Name        : openjdk-11-src-ea
Arch        : ppc64
Version     : 11.0.15.10
Release     : 3
Size        : 53 M
Repo        : ibmi-base
Summary     : OpenJDK Source Bundle 11
URL         : https://github.com/ibmruntimes/openj9-openjdk-jdk11/
License     : GPL-2.0-or-later AND EPL-2.0
Description : This package contains the complete OpenJDK 11 class library source
            : code for use by IDE indexers and debuggers.
ThePrez commented 1 year ago

That ea version should be fine. I have never seen the corruptcache failure type before!
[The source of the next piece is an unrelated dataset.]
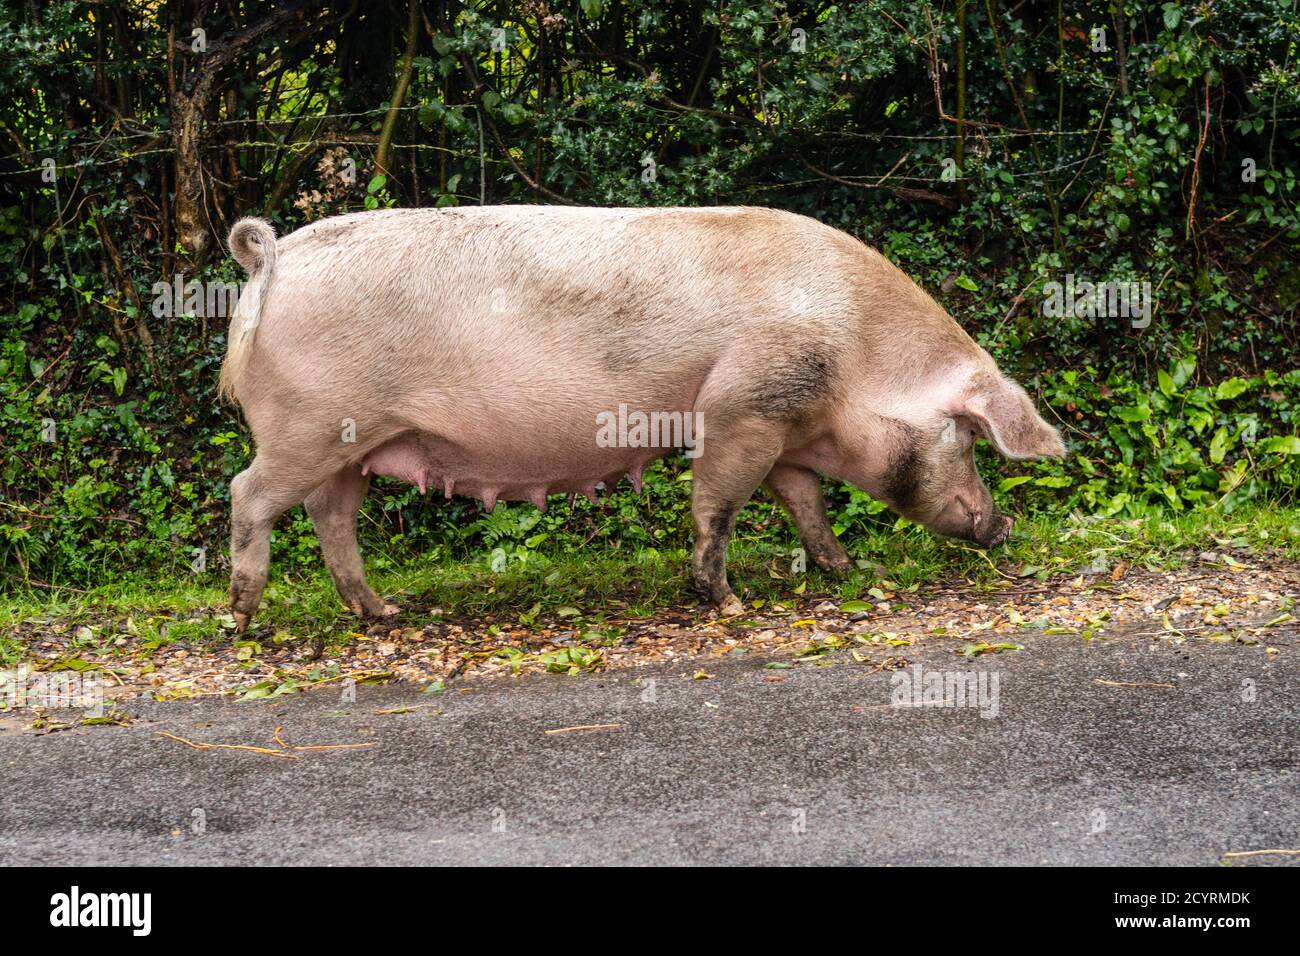 Schwein, in der Pannage-Saison freigesetzt, nach Nüssen und Insekten, Brook, New Forest, Hampshire, Großbritannien, Oktober. Stockfoto

Can you send me /home/GUENEY/javacore.20230426.114718.279.0002.txt ? (Privately if need be)

ThePrez commented 1 year ago

/home/GUENEY/core.20230426.114718.279.0001.dmp would be very valuable also

KerimG commented 1 year ago

Hey @ThePrez , thanks. Sent you two links over Ryver. There's no urgency or anything, since the command works just fine after the initial hiccup but it is a little weird and thought you might want to know. May I ask what kind of tooling you use to analyze the .dmp ?
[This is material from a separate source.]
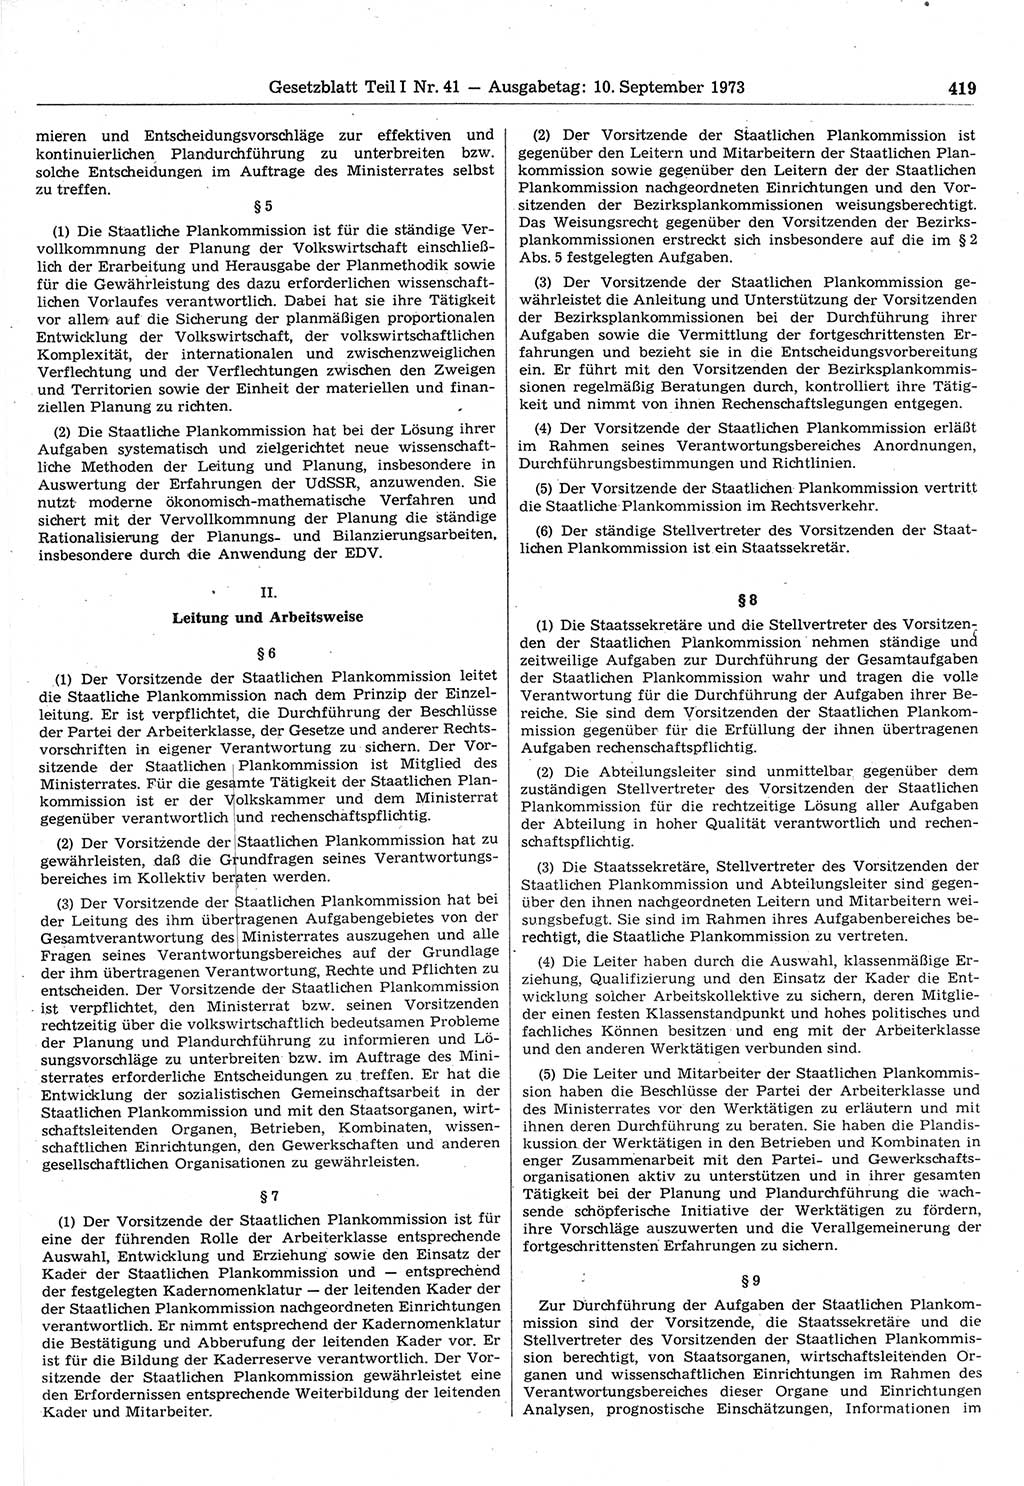 Gesetzblatt (GBl.) der Deutschen Demokratischen Republik (DDR) Teil Ⅰ 1973, Seite 419 (GBl. DDR Ⅰ 1973, S. 419)

KerimG commented 1 year ago

Okay, something interesting happened. Today morning, when I tried to call sc -v, the command and every subsequent call of sc worked just fine.
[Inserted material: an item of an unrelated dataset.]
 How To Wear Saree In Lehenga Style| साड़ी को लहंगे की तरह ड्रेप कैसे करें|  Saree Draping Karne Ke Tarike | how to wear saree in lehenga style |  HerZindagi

Yesterday, we had another issue on the system, I assumed that they're unrelated but now I'm not so sure. We had problems with yum, it was throwing

gueney@ibmi:~ $ yum check
error: db4 error(22) from dbenv->open: invalid argument 
error: cannot open packages index using db3 - invalid argument (22)
# and more but I don't have the remaining error anywhere

I decided to fix it by just deleting the rpm dbs and rebuilding them:

gueney@ibmi:~ $ rm -f /QOpenSys/var/lib/rpm/__db*
gueney@ibmi:~ $ rpm --rebuilddb

which fixed yum and also MAYBE the JVM problem?

Or maybe the non-verbose sc call is bugged and the verbose one isn't? I guess we'll see tomorrow.

KerimG commented 1 year ago

Okay. It looks like those yum/rpm issues were the cause of this, because today morning everything works fine again.